Evaluate Model Performance on Target Data in Keras

After training, we must verify if the model actually learned to generalize to the new domain it never saw labels for.

I always use a confusion matrix to see if the architectural differences between our two cities are causing specific misclassifications.

def evaluate_on_target(model, x_test, y_test):
    # Standard evaluation logic
    predictions = model.predict(x_test)
    predicted_classes = np.argmax(predictions, axis=1)
    accuracy = np.mean(predicted_classes == y_test.flatten())
    print(f"Target Domain Accuracy: {accuracy * 100:.2f}%")

evaluate_on_target(model, target_images, target_labels)

Advantages of Using AdaMatch in Keras Projects

One of the biggest wins I’ve seen with AdaMatch is how it handles the “threshold” dynamically compared to older methods.

It helps in scenarios like analyzing urban traffic images where lighting conditions change significantly between different geographic regions.

Visualize Domain Alignment in Keras

To truly understand if the model is working, I like to visualize the feature embeddings using a tool like t-SNE.
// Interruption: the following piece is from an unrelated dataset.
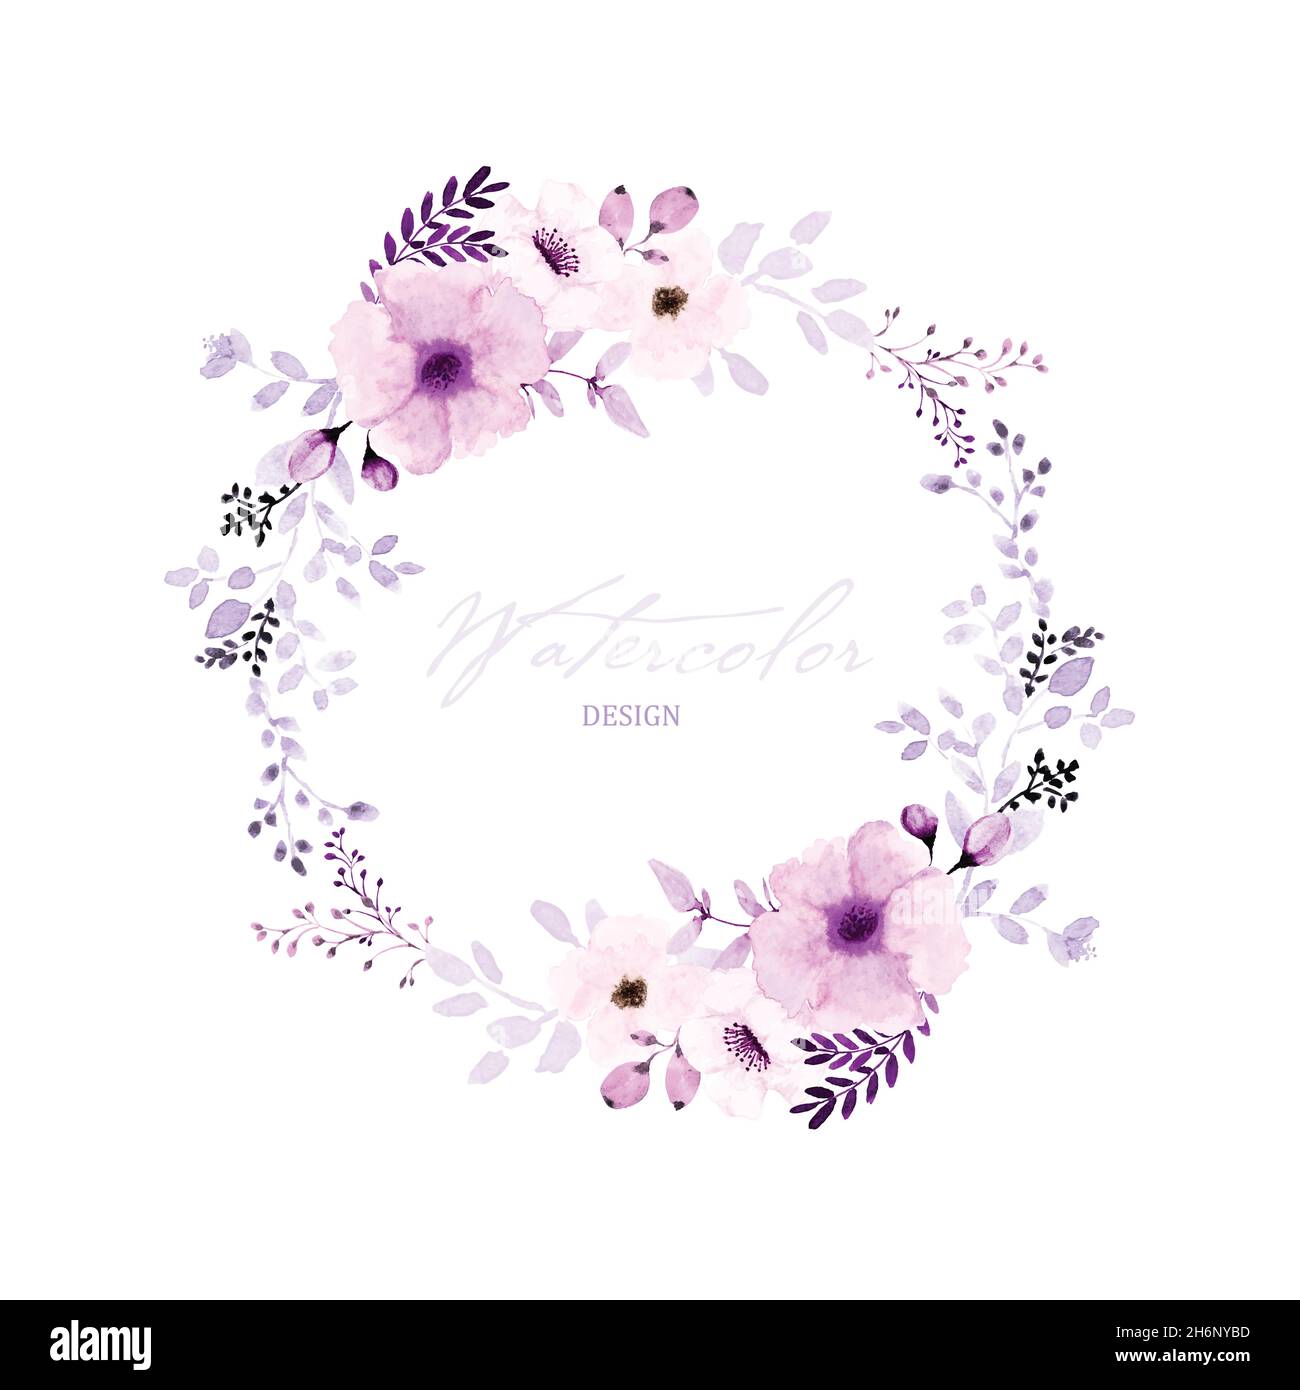 Watercolor wreath design with purple flowers and leaves. Watercolor hand-painted with floral bouquet isolated on white background. Suitable for weddin Stock Vector

When AdaMatch is successful, you will see the clusters of the unlabeled target data overlapping perfectly with the labeled source data.

def plot_results(history):
    plt.plot(history.history['loss'])
    plt.title('AdaMatch Training Loss Progression')
    plt.ylabel('Loss')
    plt.xlabel('Epoch')
    plt.show()

plot_results(history)

In this tutorial, I showed you how to bridge the gap between labeled and unlabeled data using AdaMatch in Keras. This approach is incredibly effective when you’re moving a model from a controlled environment to a real-world application with different data distributions.

I hope you found this tutorial useful! If you’re working on projects where labeled data is scarce, AdaMatch might be the missing piece in your pipeline. Feel free to experiment with different augmentation strategies to see how they impact your final accuracy.